One counterintuitive revelation: While we think of the pressures of a public life as merely adding to psychological stress, Edwards has repeatedly taken great comfort from her connections with strangers. After spending months visiting Wade’s grave daily, burying her nose in the bed sheets that still carried his smell, looking in closets and opening drawers in grief-addled hope of somehow finding him — “Drawers! He was six feet tall,” she ruefully marvels — she eventually discovers online grief groups and begins to rebuild her life with the help of people she has never met. And after going public with her cancer diagnosis, she read each and every one of the 65,000 emails and 30,000 pieces of snail mail from supporters, tucking their good wishes around her along with the handmade quilts and knit caps they sometimes enclosed.
But while cancer and the death of a child elicit expressions of support and gestures of comfort, marital infidelity is another story. Though she had worked hard to come off well in her public persona, making sure she was up on the issues and campaign talking points, trying to remain grounded in the “fish-eye lens” of celebrity, after news of the affair broke, Edwards writes, she “felt thoroughly and publicly humiliated.”
So why did she stick with her ambitious, unfaithful mate? Why did she continue to campaign by his side, even when that, in a sense, implicated her in his deceit (some voters and staffers trusted him because they trusted her)? Her answer may reveal something about all those political couples — the Clintons, the Spitzers, the Vitters, to name just three — who’ve remained together in the wake of betrayals and public shaming. “We were lovers, life companions, crusaders, side by side, for a vision of what the country could be, and we were an old married couple,” she explains:
And that part about crusading together, it was the glue?and with the strength of these battles in which we were so clearly united, we would regain our strength.

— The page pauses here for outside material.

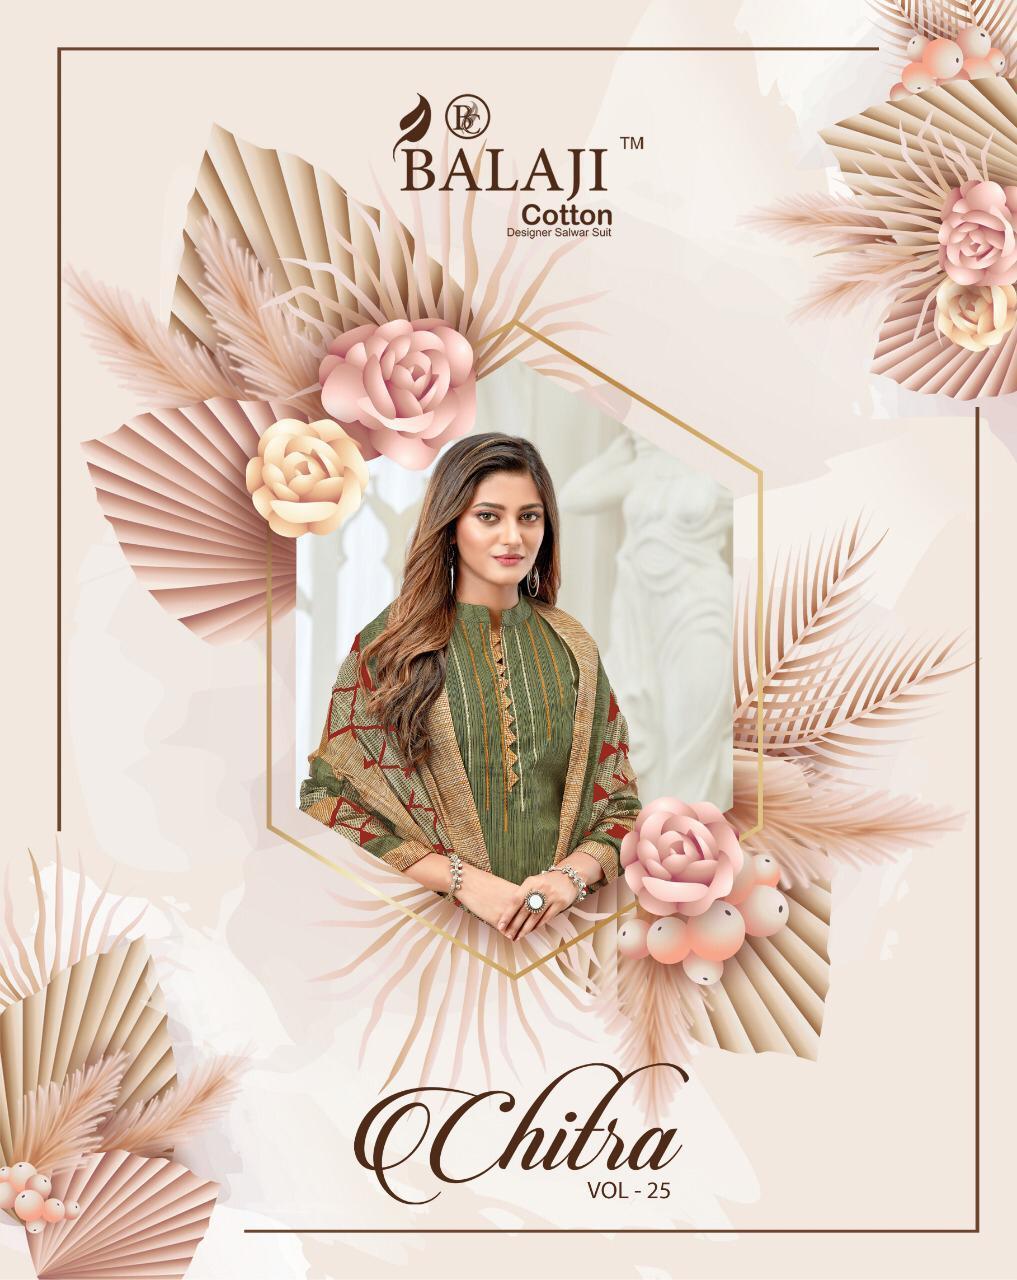 Balaji-Chitra-Vol-25-1

I grabbed hold of it. I needed to. I needed him to stand with me, and although I no longer knew what I could trust between the two of us, I knew I could trust in our work together.

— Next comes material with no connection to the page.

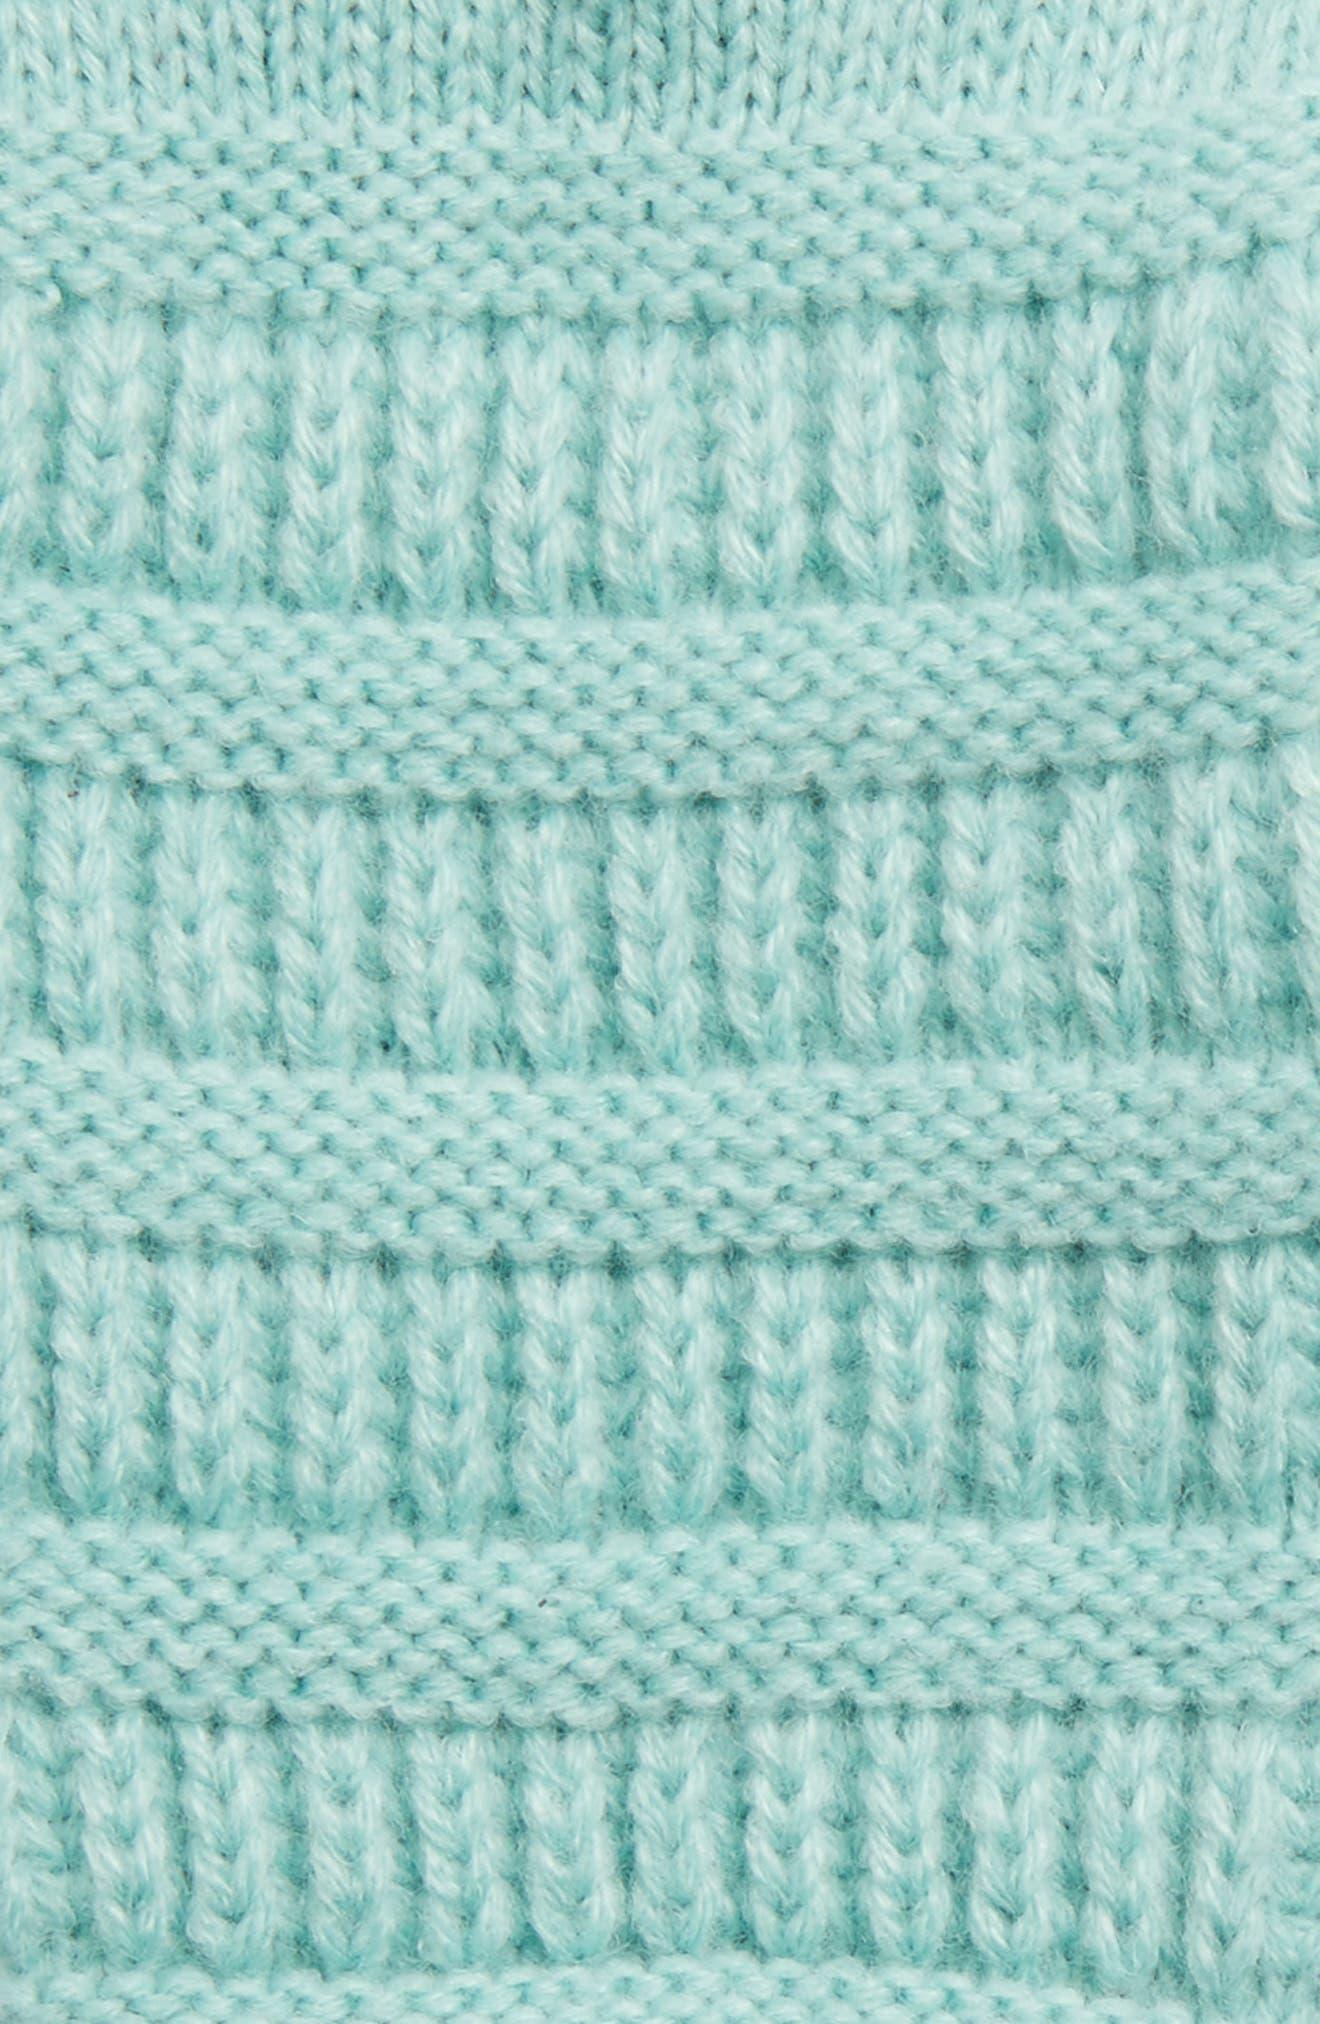 Rib Knit Tech Gloves,                             Alternate thumbnail 18, color,

Some people stay together for the children and some, one supposes, do it for the electorate. But Edwards also admits, “I was holding on to the life I wanted, even if the life I had was clearly less than what I wanted it to be.” This is all too easy to understand — who among us hasn’t carried on knowing something (a relationship, a job, a home) was less than perfect simply because it was easier to do so than to make a change as our community looked on?
Edwards’s book is full of quotations meant to inspire — she references everything from the movie Groundhog Day to Stephen Sondheim to Ovid to the poet-songwriter Leonard Cohen to a friend’s fortune cookie (“You cannot change the wind, but you can adjust the sails”) — but even those of us who resist coffee mug–worthy sayings may find ourselves impressed, as ever, by Edwards’s candor. She doesn’t always come off well here, but she always comes across as human. And if we like her a bit less when, say, she paints a portrait of the perfect family decorating the Christmas tree (albeit while pointing out the hidden imperfections), we forgive her when she confesses, “One of the reasons that I spend time labeling baskets and organizing Christmas ornaments is that I have tried to create a world for my family that will last longer than the years I now have left.” Her willingness to uncover her fears, doubts, flaws, and motivations, which often reflect our own, accomplishes what she presumably set out, in part, to do with this book: rebuild our regard for her. After all, though Tennessee Williams is not among the many writers quoted in Resilience, Edwards has always depended on the kindness of strangers.